Preheat oven to 425 degrees.  Place the sweet potatoes and onions on a sheet pan – then drizzle with 1 T olive oil and sprinkle with 1 tsp salt and mix well.  Be sure that it’s all spread out nicely in a single layer.  Roast 30-40 minutes, stirring mid-way, if you think of it.

Make the dressing by whisking the lime juice, garlic, chile powder and remaining oil (2T) together.

After the sweet potatoes have cooked and cooled, add the black beans, bell pepper, and cilantro.  Drizzle with the dressing and mix lightly.  Serve with the pumpkin seeds scattered on top.

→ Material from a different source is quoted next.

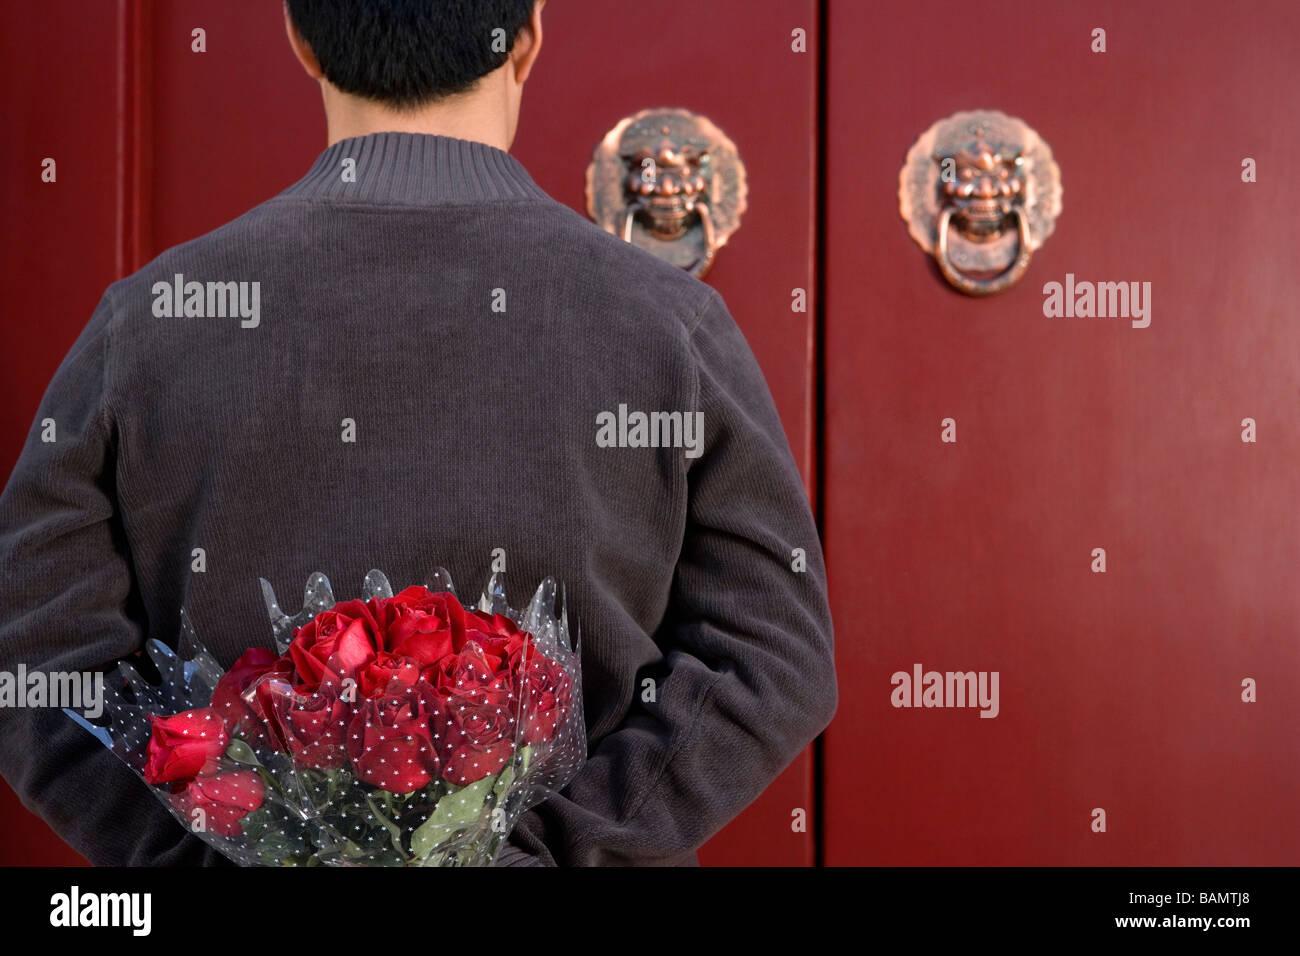 Jeune homme en attente à l'avant porte avec un bouquet de roses derrière son dos Banque D'Images
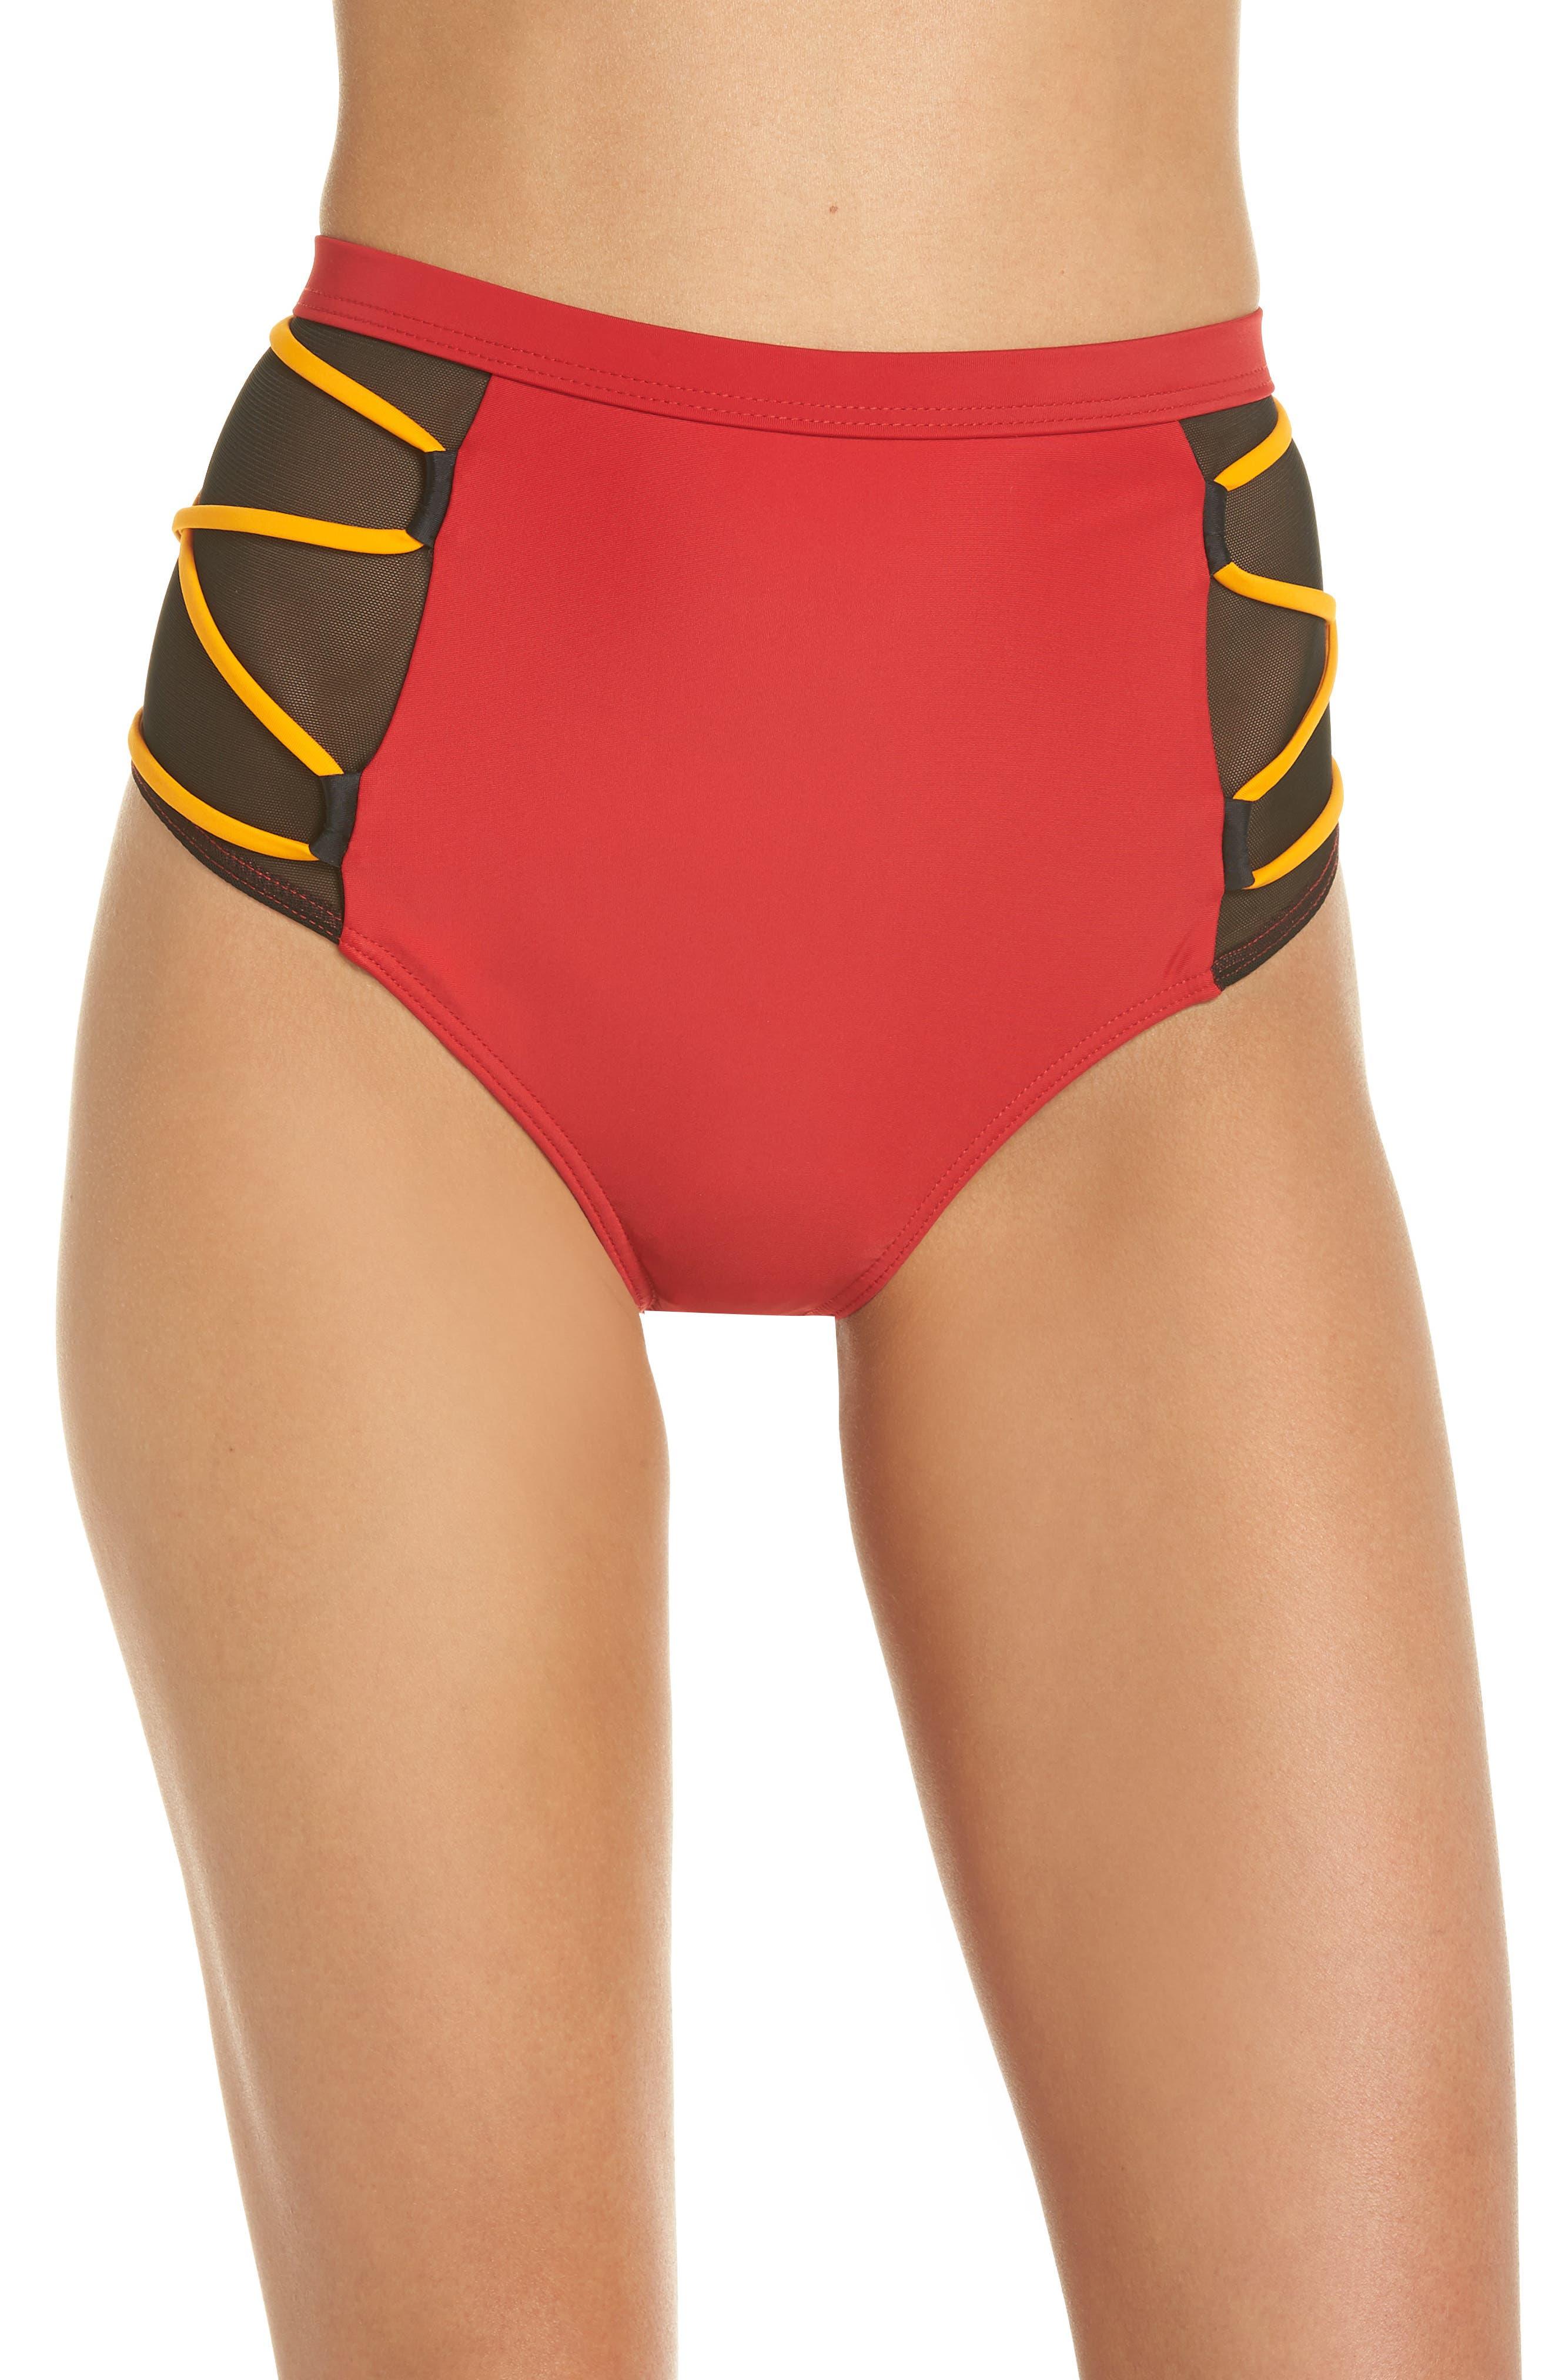 Launch Bikini Bottoms,                         Main,                         color, Red/ Black/ Orange

The salad will keep well for several days, refrigerated.  You might add the cilantro at serving time, if you’re planning on not serving it all right away.  And definitely wait until serving to add the pumpkin seeds. Recipe brought to you by BigLittleMeals.com and Andy and Ann

 

 

 

 

 

8 Comments

  1. Bob Carleton says:

    Salads are great year-round. Like the orange + offering; too seldom do we make fruit a core part of any salad, whether it be a first course (American) or a later part of the meal (as in France).

    Travel gently, enjoy extravagantly!

    Like

    • theRaggedys says:

      Thanks. We agree that fruits can add much to salads. Also, we love your “travel gently, enjoy extravagantly” comment; we are not sure of what it means exactly, but it appears pithy and worth repeating.

      Like

  2. Helen Weaver says:

    Your salads really look yummy & easy enough That even I could maybe make. Even I who yesterday burned water. The cold water was still in my cup when I turned on the hot water maker. Oh my what a terrible smell. Oh well, you can’t burn a salad.